Published online by Cambridge University Press: 15 August 2019
The 50-year anniversary of the Beach Boys’ seminal album Pet Sounds and Brian Wilson's corresponding world concert tour have once again brought attention to Wilson and his creative work with the Beach Boys. These events have brought about new recording releases and publications about the band and Wilson, including the first feature-length biopic on Wilson, Love & Mercy. The following essay investigates Atticus Ross's reimaginative approach to Brian Wilson's music for the soundtrack of this film, directed by Bill Pohlad and released in 2014. The film expands recent trends in music biopics of the last couple of decades regarding the mobilization and activation of music to afford new interpretations of their subjects and new ways to hear their work.

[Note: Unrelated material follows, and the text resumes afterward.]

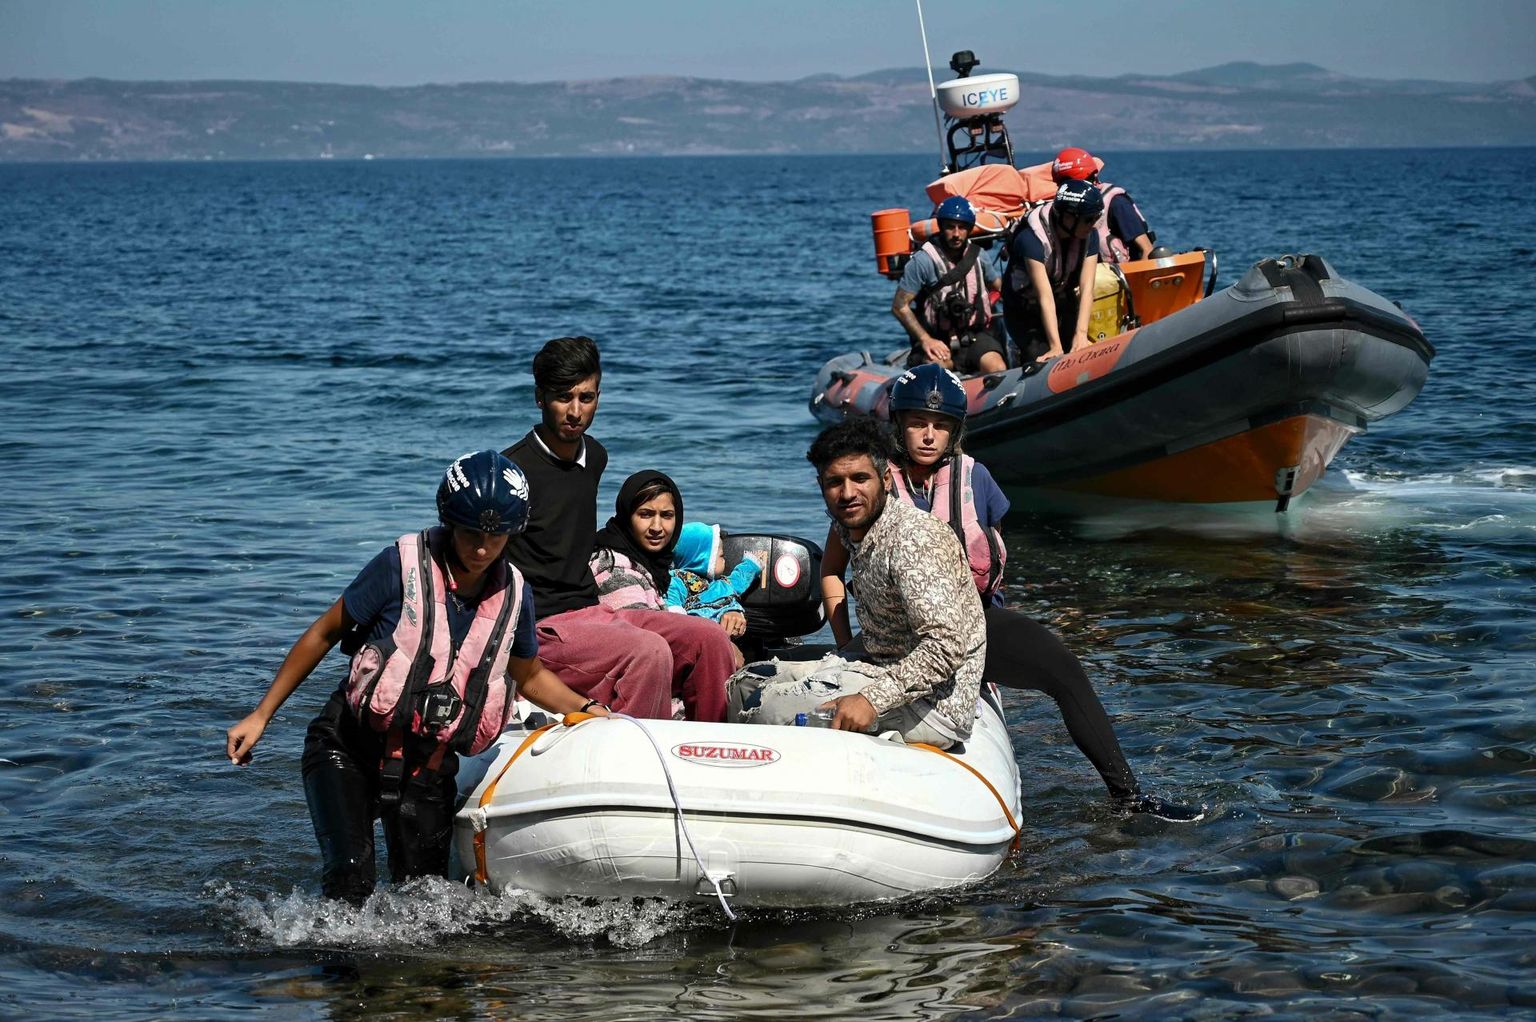 Vince Gaia hoiatab, et kliima soojenemine viib seninägematu rändekriisini, mille kõrval 2015. aastal Euroopat tabanud rändekriis näib lapsemänguna. Fotol merelt päästetud põgenikud Kreekas Lesbose saarel 2019. aastal.

Ross's approach is distinct for its extensive recomposition of Brian Wilson's music in the film's original score, which allows director Bill Pohlad to show Wilson in a new light.
Ross incorporates Beach Boys recordings (studio sessions and released tracks) into new pieces that highlight processes of manipulation, layering, and repetition, which point to the studio as a major site of Wilson's creativity. These processes furthermore portray the psychic life of the film's characters. Ross's compositions dramatize the subjectivity of hearing and rogue behaviors of auditory recollection and hallucination that characterize both Wilson's creativity and mental illness. In the context of the story of Brian Wilson and Melinda Ledbetter, Ross's compositions take on palliative associations that have direct implications for the reception of the film's original soundtrack.